Material supplied:
====

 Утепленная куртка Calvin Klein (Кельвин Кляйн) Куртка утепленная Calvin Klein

====

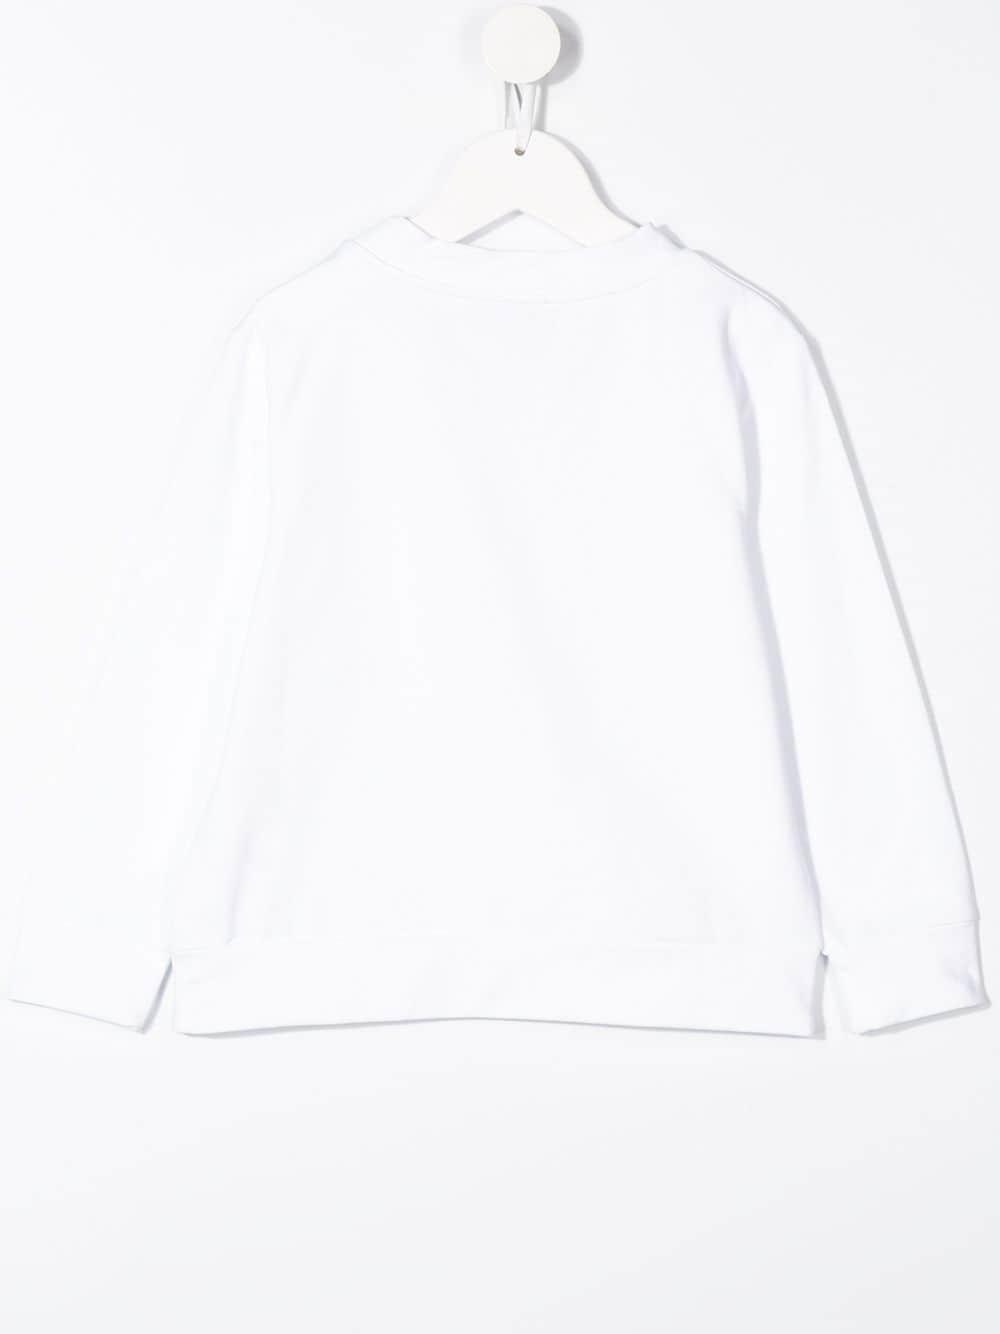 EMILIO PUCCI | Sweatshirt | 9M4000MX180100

====

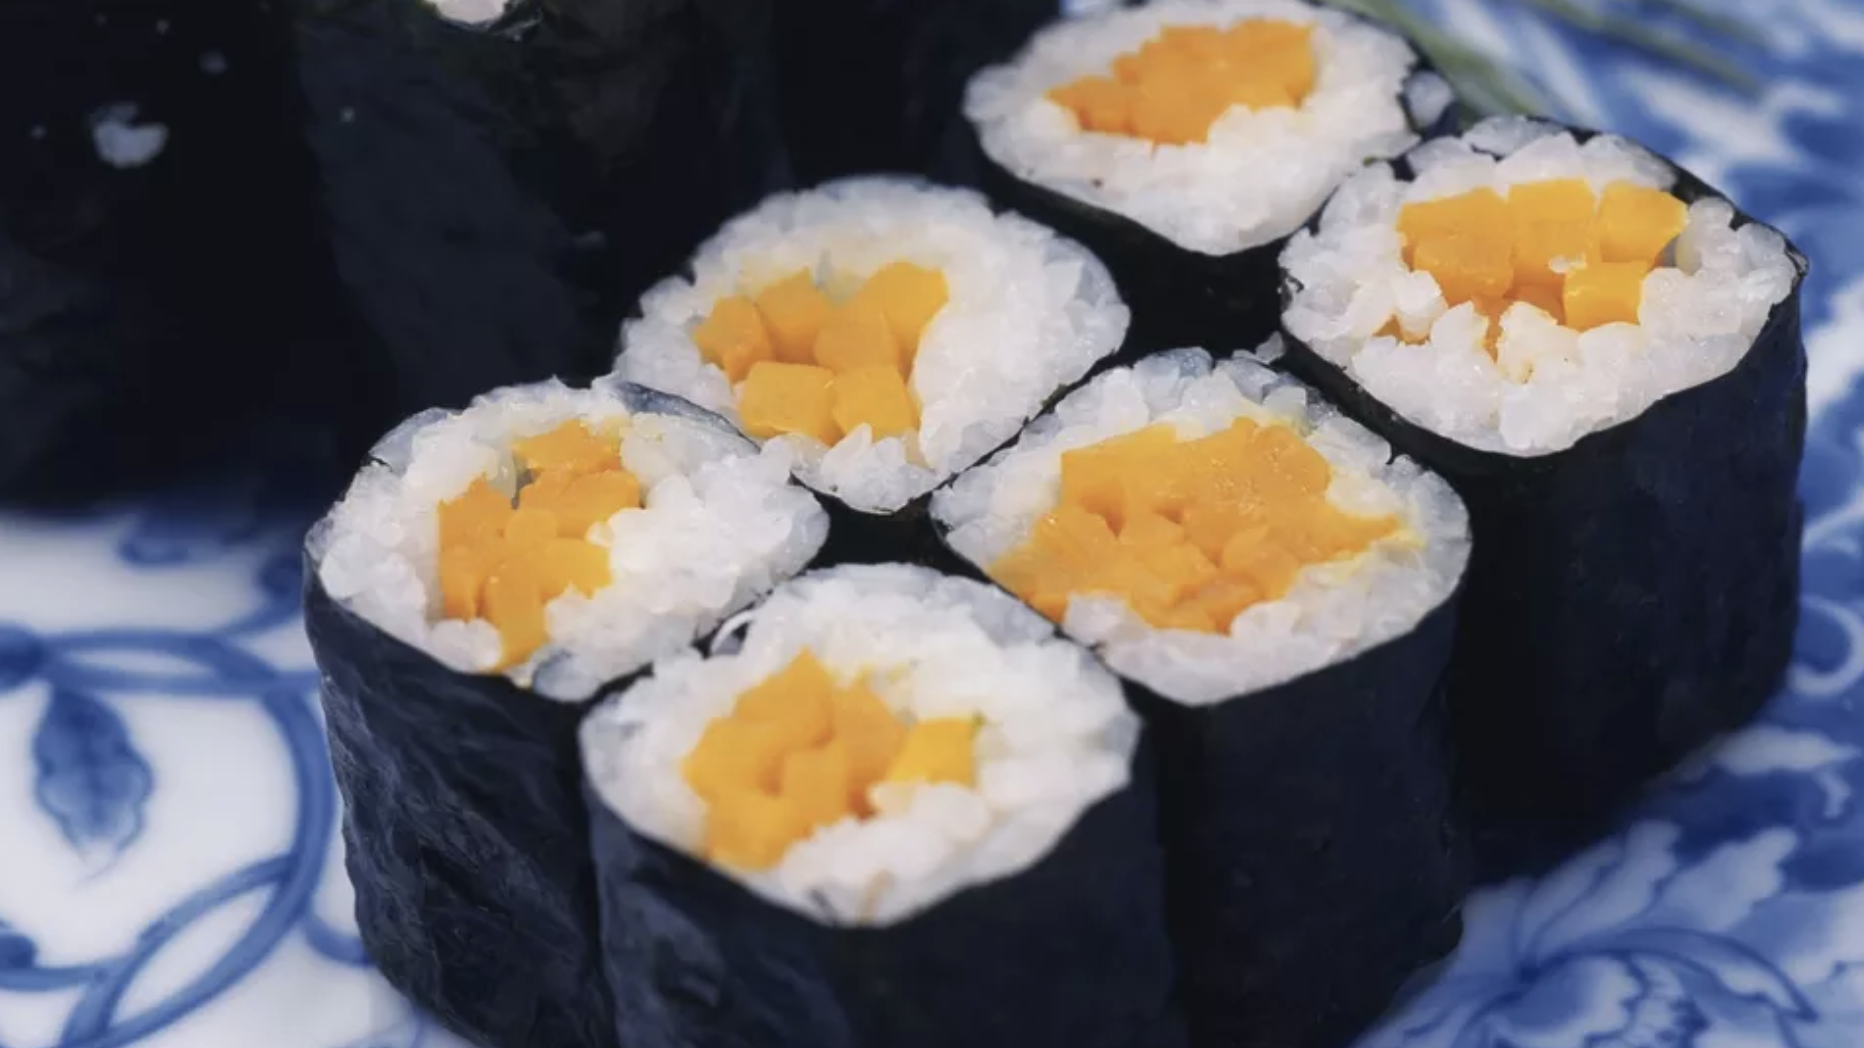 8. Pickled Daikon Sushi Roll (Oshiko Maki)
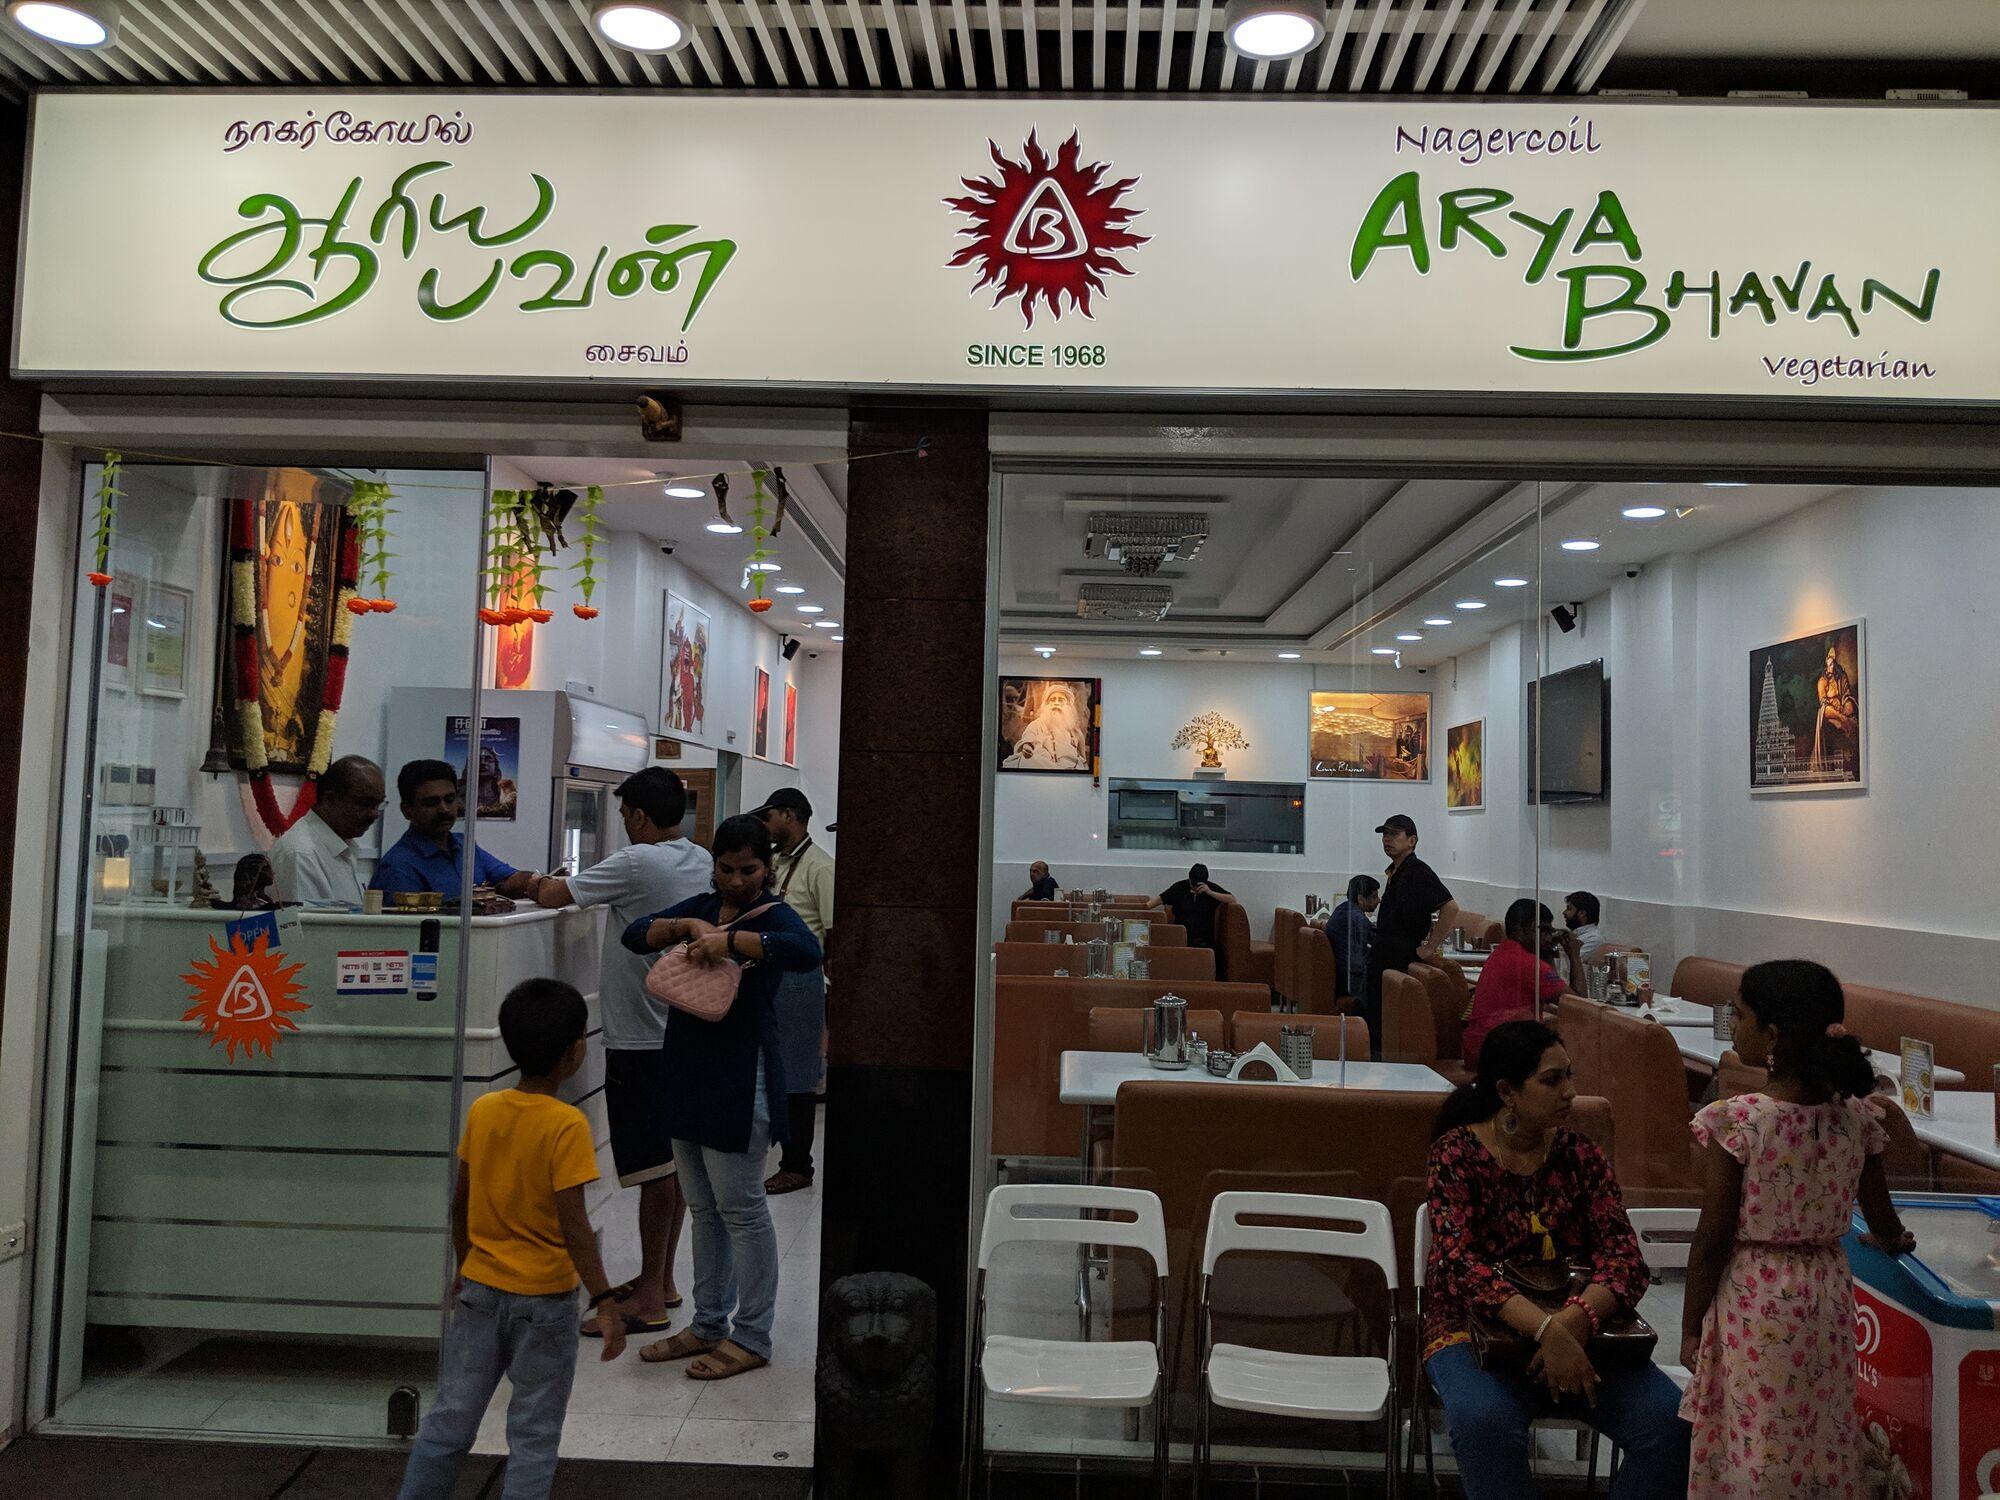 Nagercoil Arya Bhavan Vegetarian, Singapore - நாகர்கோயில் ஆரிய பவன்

====

Requirement: Give back exactly the lines of the listing above from the one that contains "8. Pickled Daikon Sushi Roll (Oshiko Maki)" up to and including the one that contains "Nagercoil Arya Bhavan", but not the pictures, and no other lines.

Written answer:
 8. Pickled Daikon Sushi Roll (Oshiko Maki)
 Nagercoil Arya Bhavan Vegetarian, Singapore - நாகர்கோயில் ஆரிய பவன்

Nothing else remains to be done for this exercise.